TASK DETAILS ▸
Leave out any picture and return the remaining listing below exactly as given.

INFORMATION SUPPLIED ▸
---*---

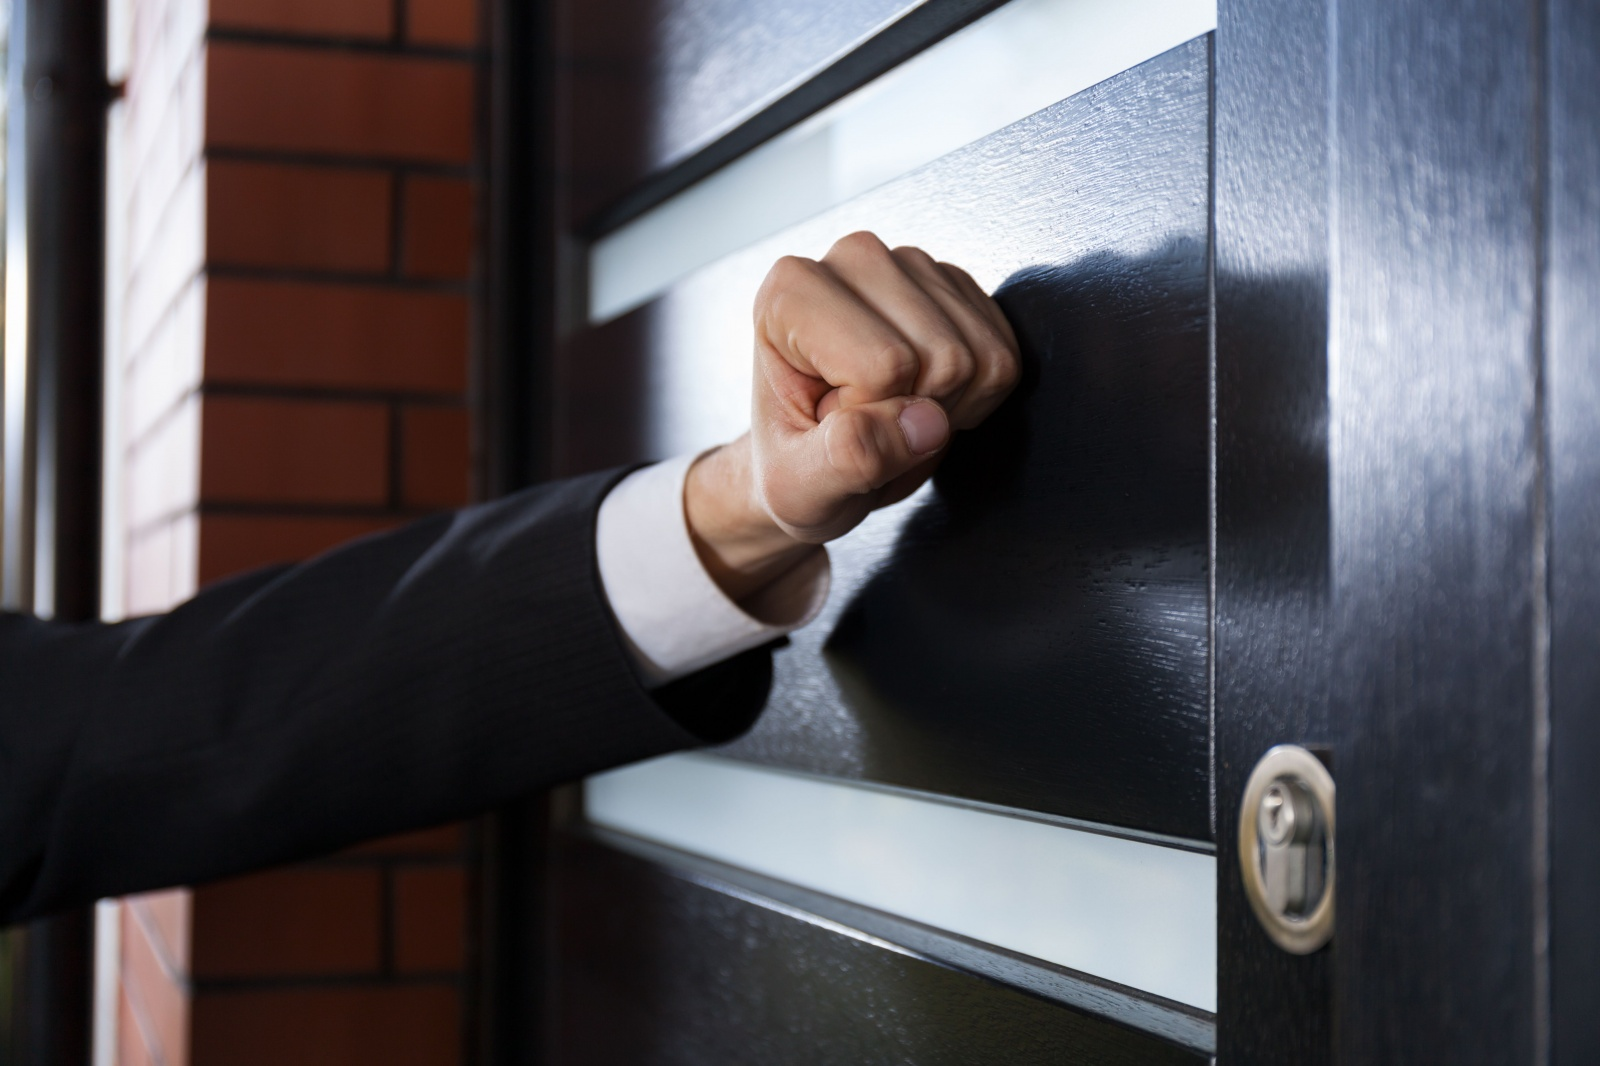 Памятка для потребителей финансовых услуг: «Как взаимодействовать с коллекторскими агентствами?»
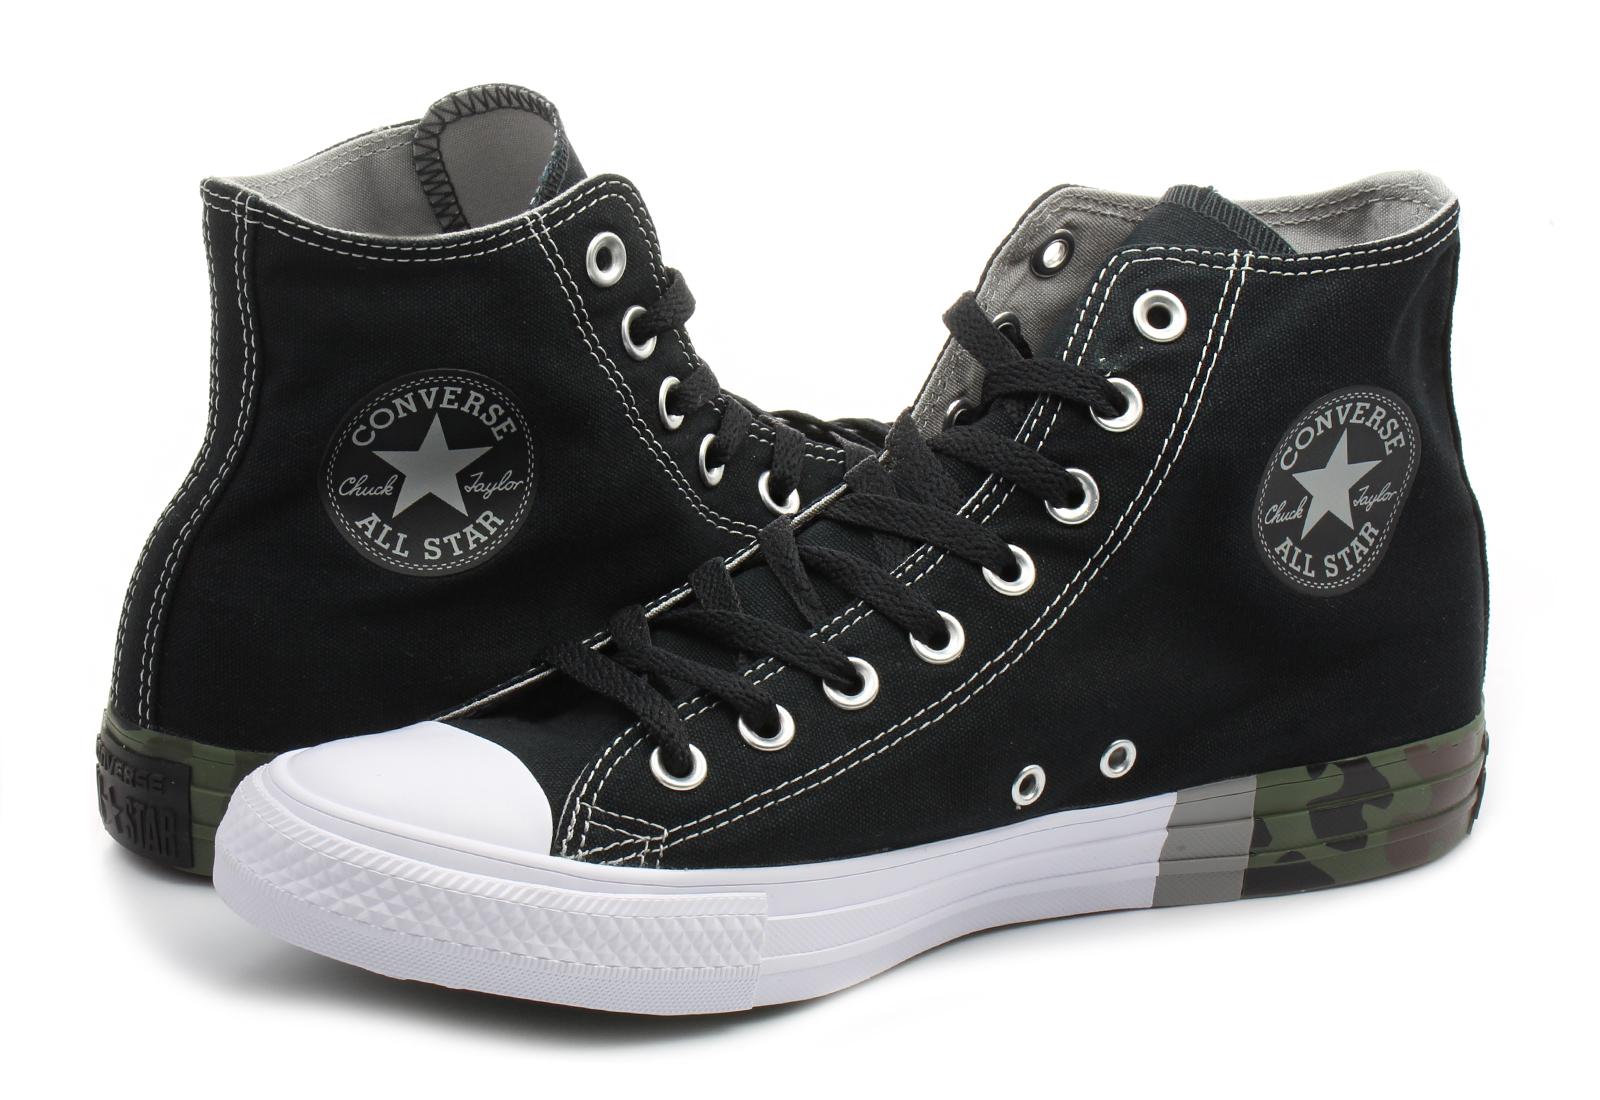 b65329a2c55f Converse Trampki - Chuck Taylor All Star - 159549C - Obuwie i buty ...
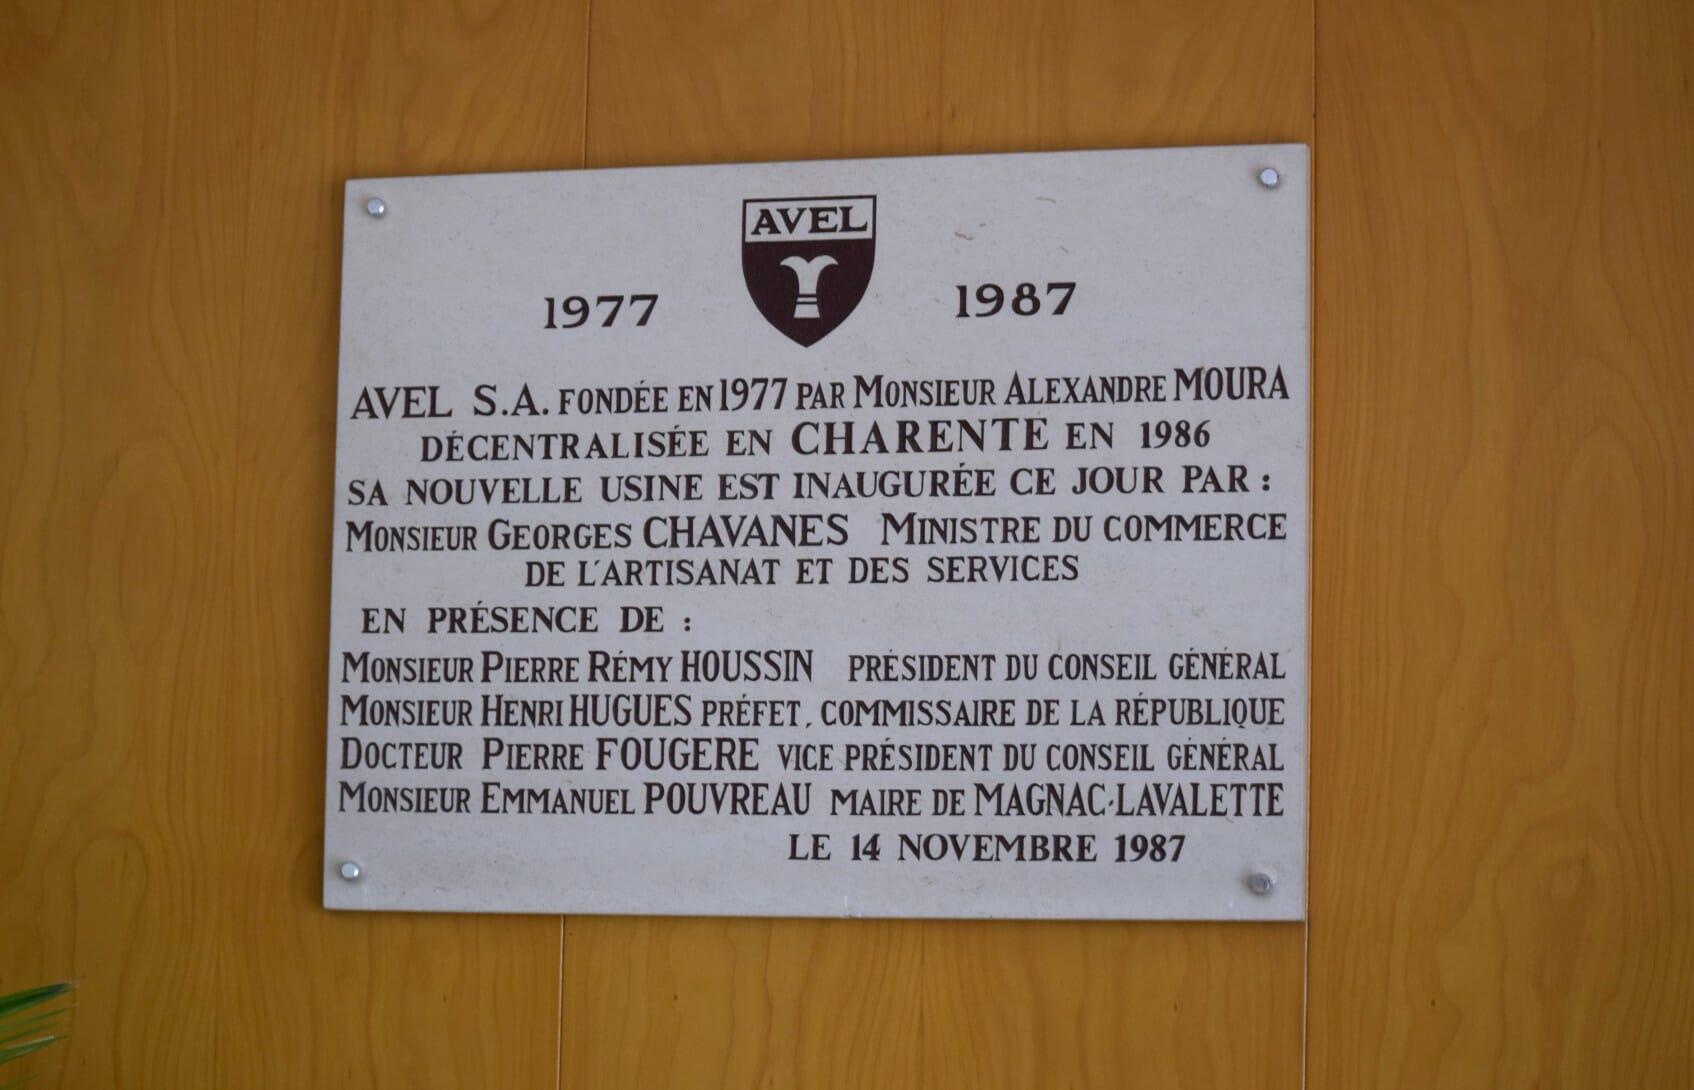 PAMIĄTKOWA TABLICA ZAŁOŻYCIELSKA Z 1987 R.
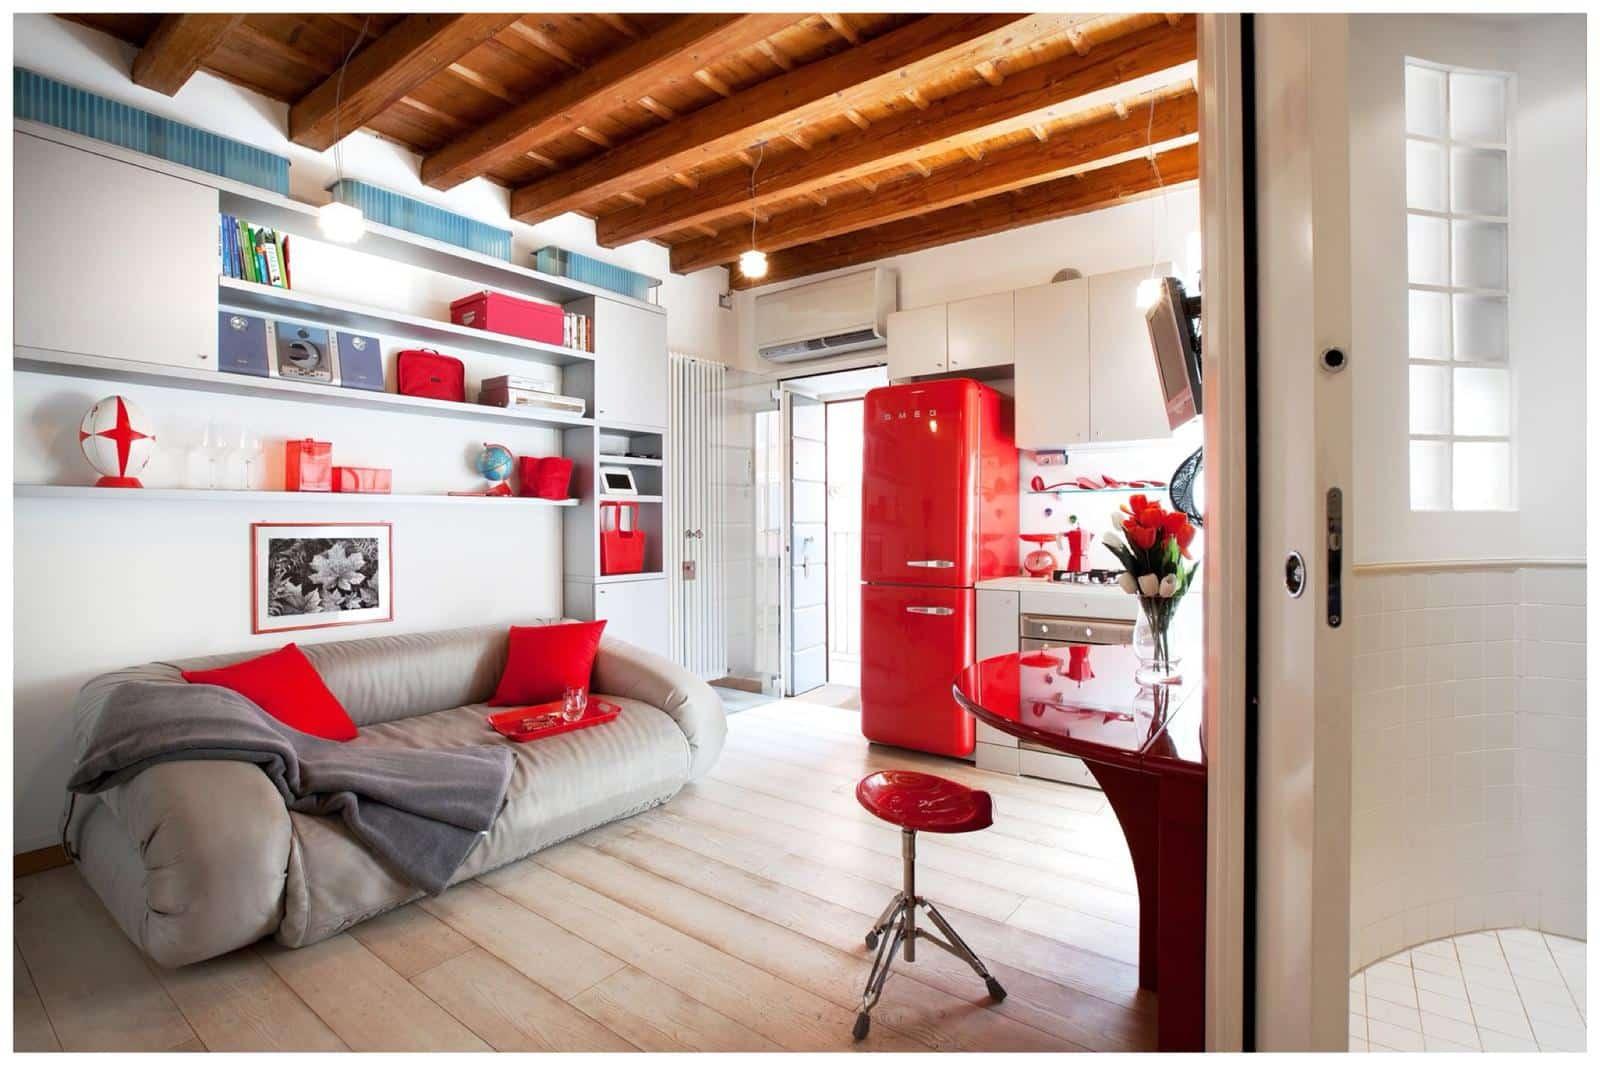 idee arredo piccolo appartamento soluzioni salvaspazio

---*---

RESPONSE TO THE EXERCISE ▸
 Памятка для потребителей финансовых услуг: «Как взаимодействовать с коллекторскими агентствами?»
 b65329a2c55f Converse Trampki - Chuck Taylor All Star - 159549C - Obuwie i buty ...
 PAMIĄTKOWA TABLICA ZAŁOŻYCIELSKA Z 1987 R.
 idee arredo piccolo appartamento soluzioni salvaspazio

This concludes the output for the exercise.